Pantoprazole sodium sesquihydrate is a white to off-white crystalline powder having weakly basic and acidic properties, freely soluble in water, stability in aqueous solution is pH-dependent and the rate of degradation increases with decreasing pH. Prodrug pantoprazole accumulates in the acidic compartment of parietal cells and is converted to the active form, a sulfanilamide, which binds to hydrogen-potassium-ATP-ase at the secretory surface of gastric parietal cells. Inhibition of hydrogen-potassium-ATP-ase blocks the final step of gastric acid production, leading to inhibition of both basal and stimulated acid secretion.

At neutral pH pantoprazole is a weak base, non-ionized, lipid-soluble and thereby freely passes through physiologic membranes, including the cellular membranes of the parietal cells. It is believed that the non-ionized pantoprazole moves into the acid-secreting portion of the parietal cell, the secretory canaliculus. Once in the acidic milieu of the secretory canaliculus, the pantoprazole is apparently protonated (ionized) and converted to the active form of the drug.

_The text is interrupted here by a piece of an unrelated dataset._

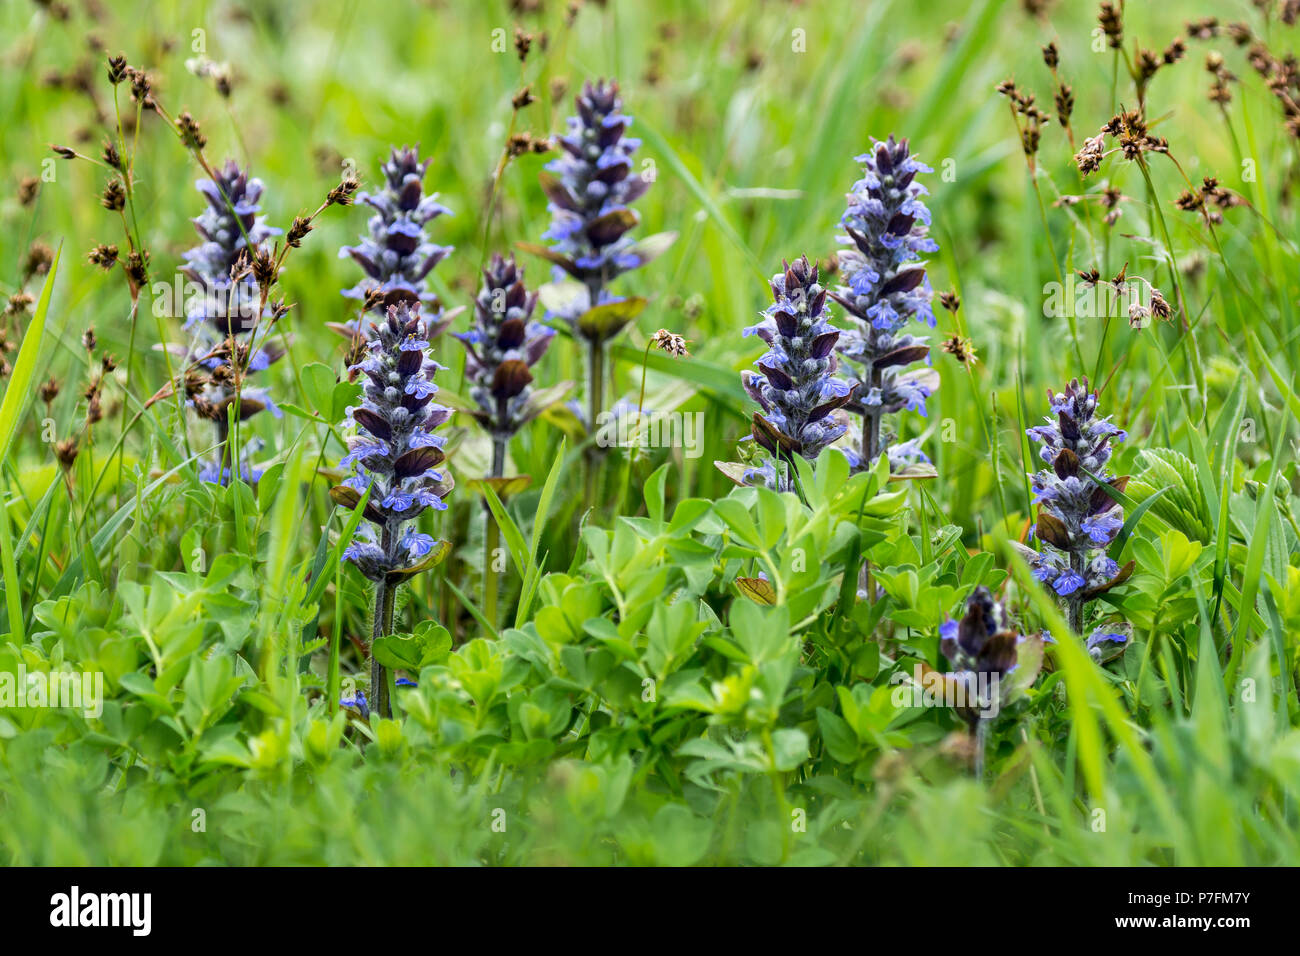 Blue bugles (Ajuga reptans) in a meadow, Burgenland, Austria Stock Photo

Ionized pantoprazole is membrane-impermeable and forms disulfide covalent bonds with cysteine residues in the alpha subunit of the proton pump.

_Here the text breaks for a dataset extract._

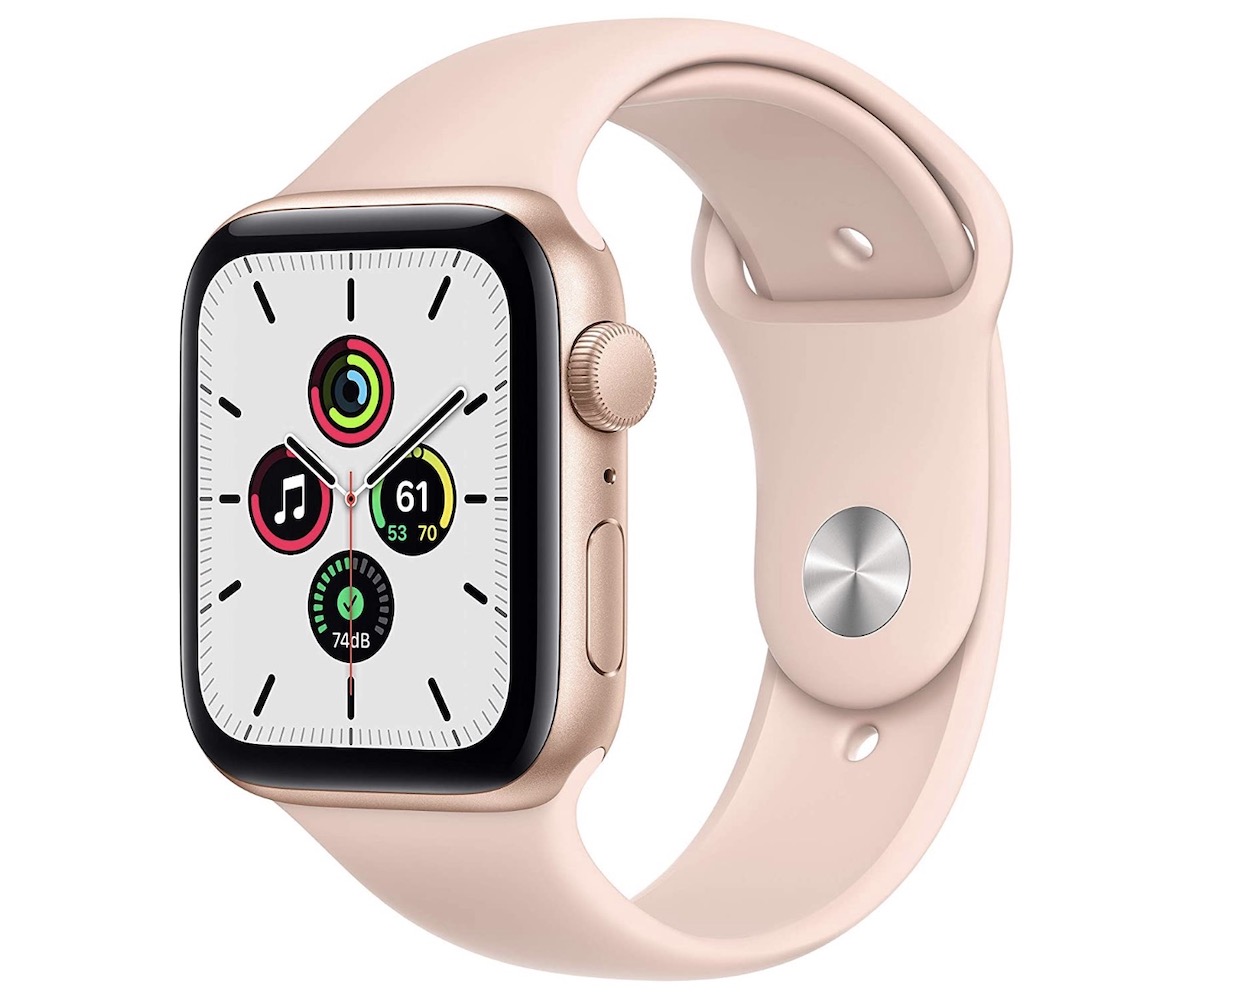 Apple Watch SE at the minimum price: 279.99 euros on Amazon

The in vitro drug profile showed that the triturated buffered tablet immediately increases the pH of gastric content. Pantoprazole is rapidly absorbed orally, administered as a 40 mg enteric coated tablet, is quantitatively absorbed from the basic environment of the small intestine. Its absolute bioavailability is 77% and does not change upon multiple dosing. [13] In the present study buffered pantoprazole tablet was shown to possess excellent acid-neutralizing activity in comparison to plain pantoprazole tablet in vitro by increasing pH of buffered HCl (2 pH) and stimulated gastric fluid above 3.5 within 5 min. The pH of the medium first increases to the highest point and then starts falling only with triturated buffered tablets. The crushed tablet led to a sharper rise in pH as the crushing made the buffered layer readily available to react with the acidic media and neutralization. The pH of media later falls and come close to neutral as may be the basic ions (anions) are not available to maintain the media pH on the higher side. The net increase in pH with crushed and uncrushed tablets was in the same range at the end of 50 min, as 7.68 and 8.01 in 2 pH HCl, and 8.68 and 8.50 in artificial gastric fluid respectively.

Increasing gastric pH has the potential to affect the bioavailability of any medication for which absorption is pH-dependent. Sodium bicarbonate employed as buffering agent protects the PPI against gastric acid degradation and in turn sufficiently preserves to increase the bioavailability. The buffering agent in the presence of the gastric acid elevates the pH of the stomach sufficiently to achieve adequate bioavailability of the drug to effect therapeutic action. Sodium bicarbonate acts as an antacid while pantoprazole is being absorbed and also acts as parietal cell activator (7 mEq to 25 mEq). [13] Acid degradation of PPIs into their corresponding cyclic sulfonamide and dimer predominate at pH values 2-3. Amides are less acidic compared to free acids, which may be responsible for a slight increase in the pH (2.01 to 3.12) of artificial buffers treated with plain pantoprazole.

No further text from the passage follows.